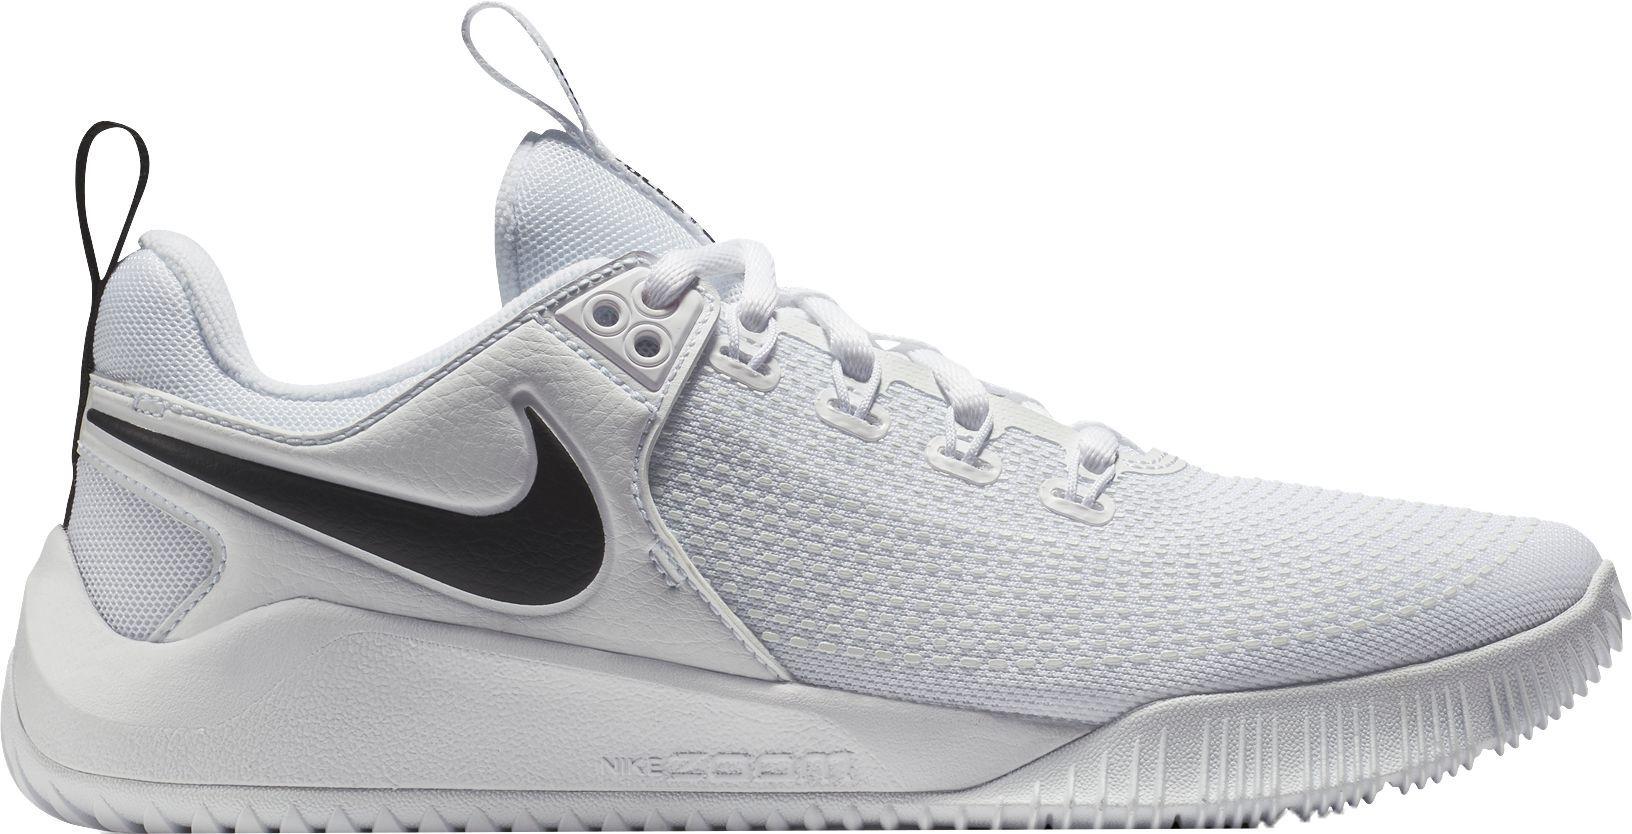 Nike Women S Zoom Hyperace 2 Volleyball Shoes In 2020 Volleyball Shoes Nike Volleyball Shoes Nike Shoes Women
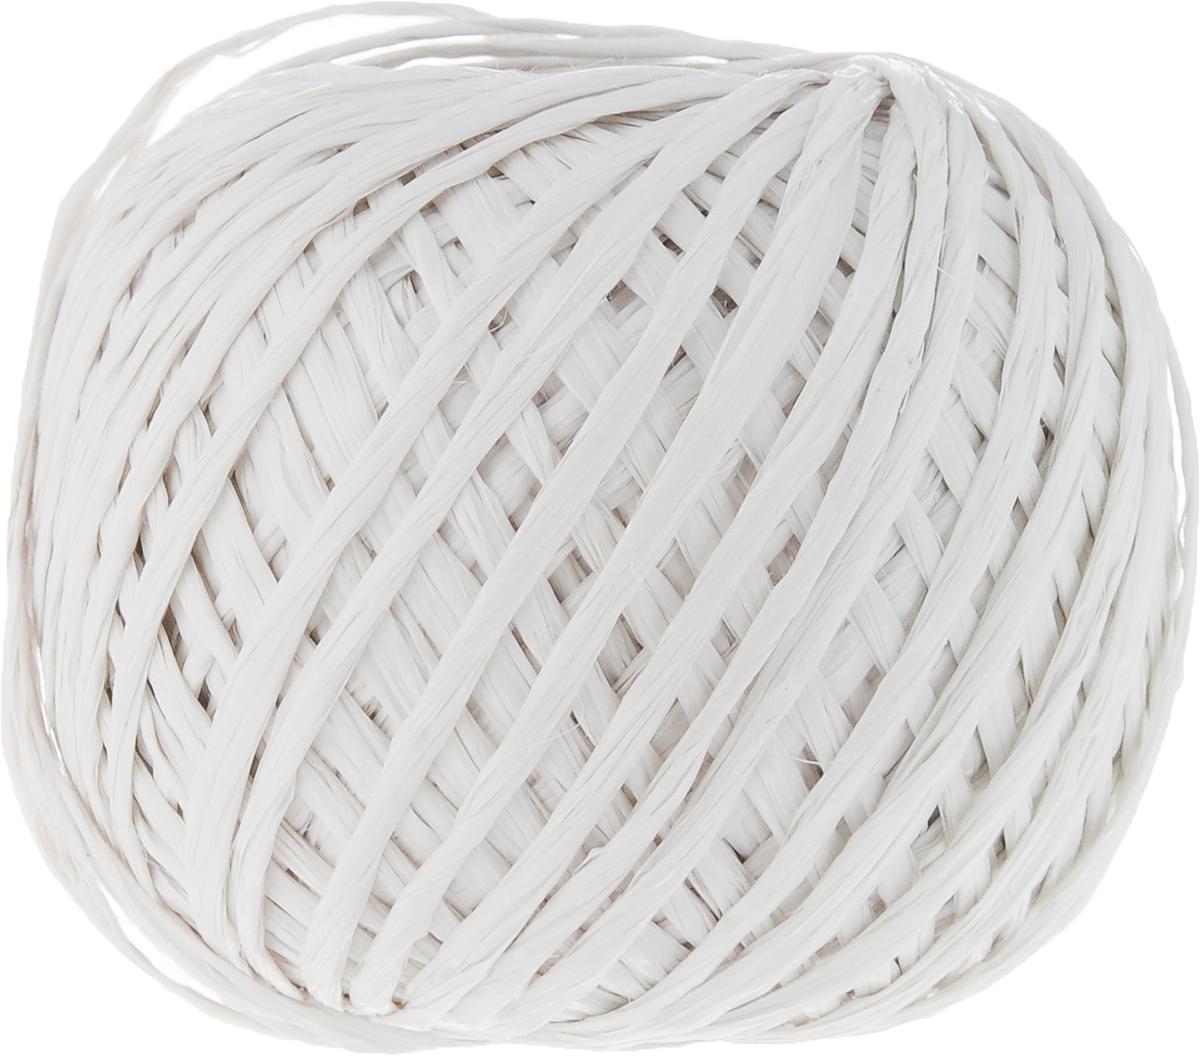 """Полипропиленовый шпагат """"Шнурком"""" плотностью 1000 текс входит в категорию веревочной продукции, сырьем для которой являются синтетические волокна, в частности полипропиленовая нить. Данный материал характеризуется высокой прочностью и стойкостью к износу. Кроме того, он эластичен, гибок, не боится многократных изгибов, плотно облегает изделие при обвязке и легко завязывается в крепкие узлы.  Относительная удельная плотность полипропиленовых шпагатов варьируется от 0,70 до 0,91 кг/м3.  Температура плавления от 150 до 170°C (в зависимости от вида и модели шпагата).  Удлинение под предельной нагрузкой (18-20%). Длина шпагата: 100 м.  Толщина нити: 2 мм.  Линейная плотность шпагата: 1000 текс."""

* * *

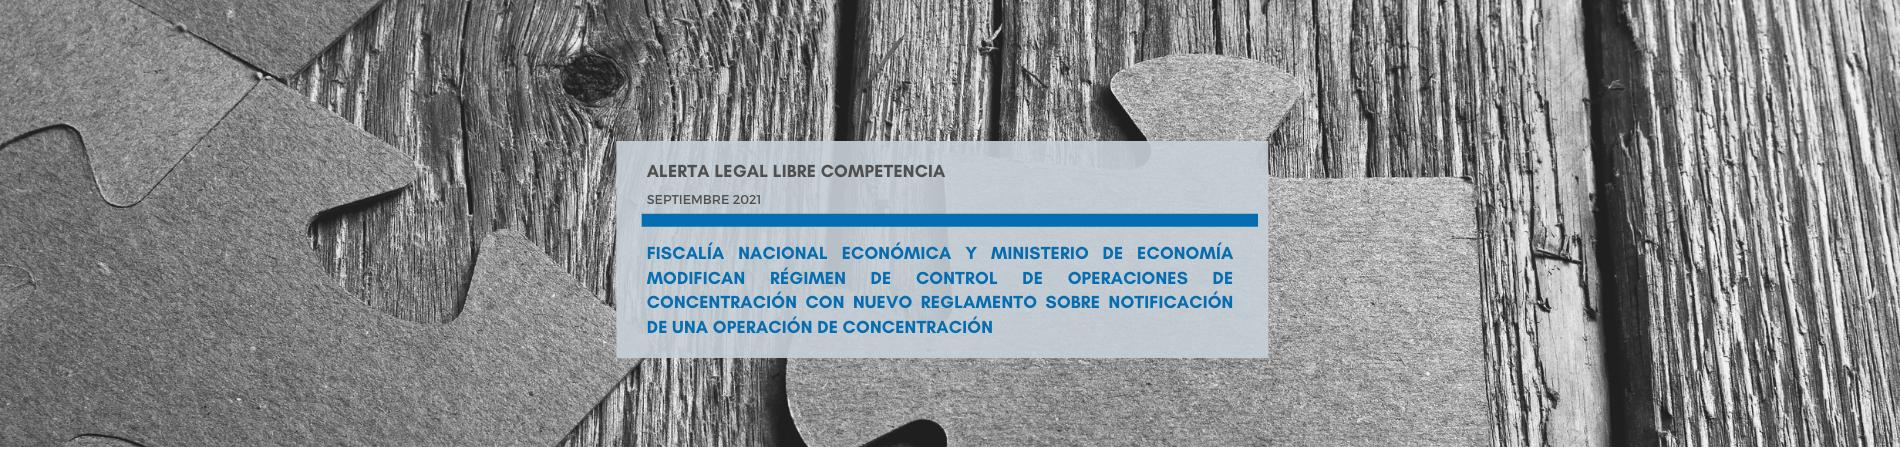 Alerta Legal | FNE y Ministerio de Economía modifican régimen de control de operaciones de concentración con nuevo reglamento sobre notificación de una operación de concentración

### BRIEF
In the entries above, find the line containing "Nike Women S" and the line containing "плотностью 1000 текс"; give again exactly those two lines and every line between them, minus the pictures.

### TASK SOLUTION
 Nike Women S Zoom Hyperace 2 Volleyball Shoes In 2020 Volleyball Shoes Nike Volleyball Shoes Nike Shoes Women
 """Полипропиленовый шпагат """"Шнурком"""" плотностью 1000 текс входит в категорию веревочной продукции, сырьем для которой являются синтетические волокна, в частности полипропиленовая нить. Данный материал характеризуется высокой прочностью и стойкостью к износу. Кроме того, он эластичен, гибок, не боится многократных изгибов, плотно облегает изделие при обвязке и легко завязывается в крепкие узлы.  Относительная удельная плотность полипропиленовых шпагатов варьируется от 0,70 до 0,91 кг/м3.  Температура плавления от 150 до 170°C (в зависимости от вида и модели шпагата).  Удлинение под предельной нагрузкой (18-20%). Длина шпагата: 100 м.  Толщина нити: 2 мм.  Линейная плотность шпагата: 1000 текс."""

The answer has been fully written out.